Question: What is the significance of the word ‘progress’?
KRISHNAMURTI: Is there such a thing as progress? You see the bullock cart moving at two miles an hour, and that extraordinary thing called the jet plane travelling at 600 or more miles per hour. That is progress, is it not? There is technological progress: better means of communication, better health and so on. But is there any other form of progress? Is there psychological progress in the sense of spiritual advancement through time? Is the idea of progress in spirituality really spiritual, or merely an invention of the mind?
You know, it is very important to ask fundamental questions; but unfortunately we find very easy answers to fundamental questions. We think the easy answer is a solution, but it is not. We must ask a fundamental question and let that question operate, let it work in us to find out what is the truth of it.

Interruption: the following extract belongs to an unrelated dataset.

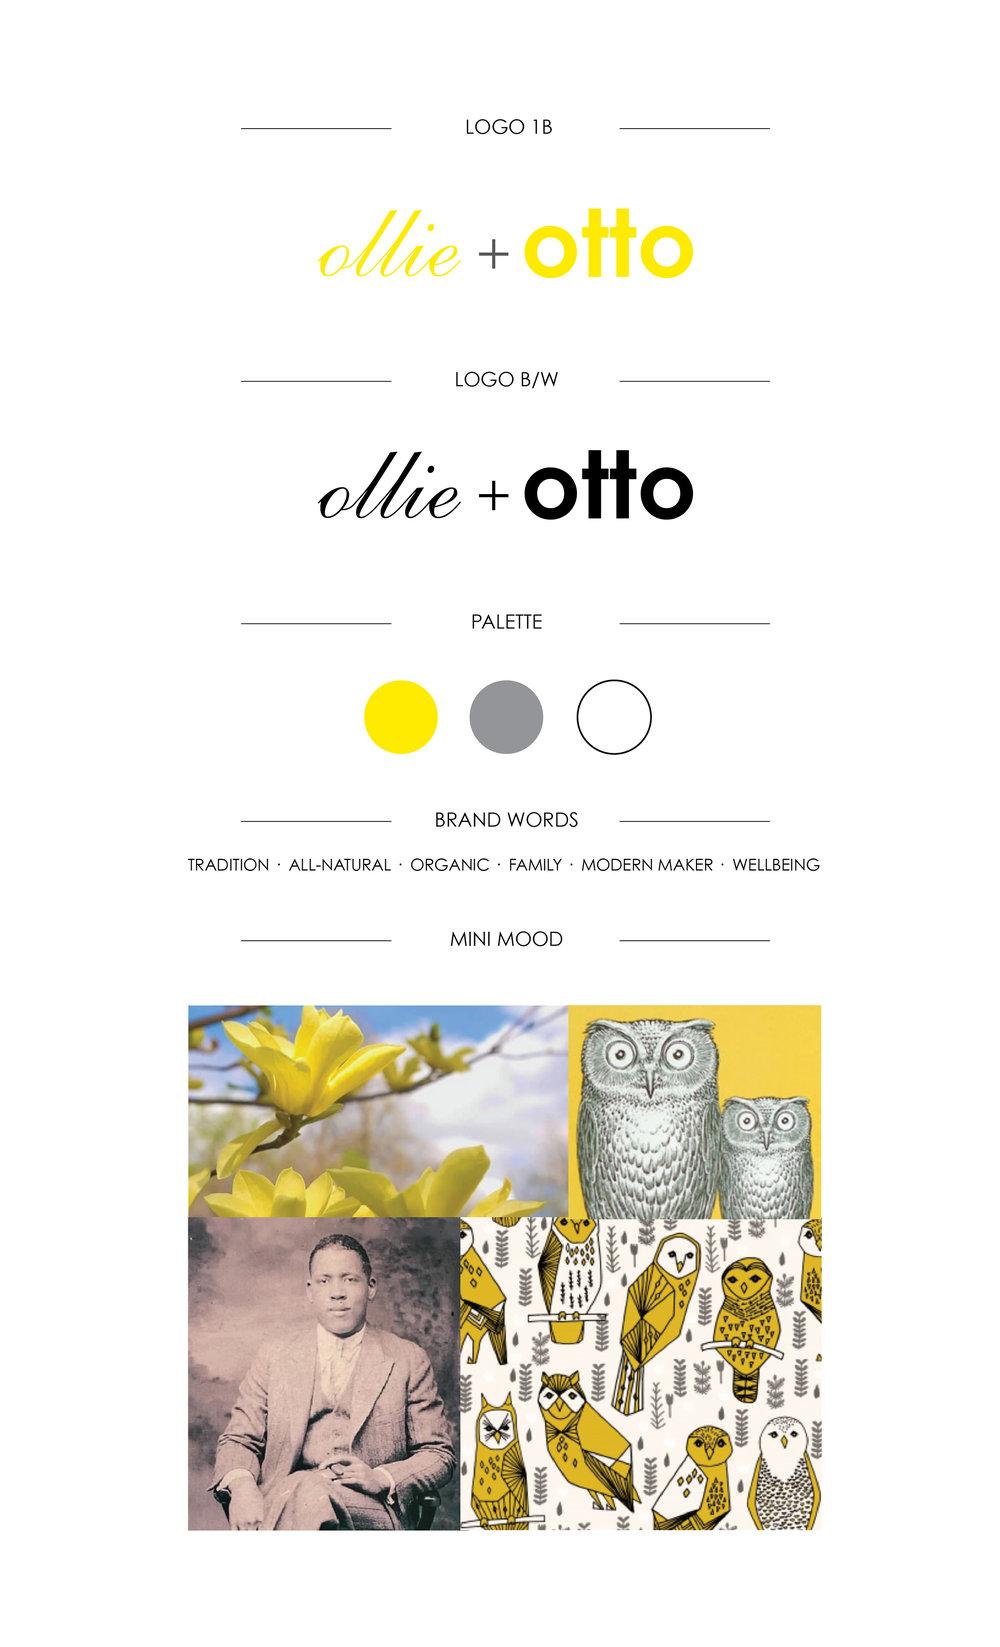 ollieandotto_logo-04.jpg

Progress implies time, does it not? After all, it has taken us centuries to come from the bullock cart to the jet plane. Now, we think that we can find reality or God in the same way, through time. We are here, and we think of God as being over there, or somewhere far away, and to cover that distance, that intervening space, we say we need time. But God or reality is not fixed, and neither are we fixed; there is no fixed point from which to start and no fixed point towards which to move. For reasons of psychological security we cling to the idea that there is a fixed point in each of us, and that reality is also fixed; but this is an illusion, it is not true. The moment we want time in which to evolve or progress inwardly, spiritually, what we are doing is no longer spiritual, because truth is not of time. A mind which is caught up in time demands time to find reality. But reality is beyond time, it has no fixed point. The mind must be free of all its accumulations, conscious as well as unconscious, and only then is it capable of finding out what is truth, what is God.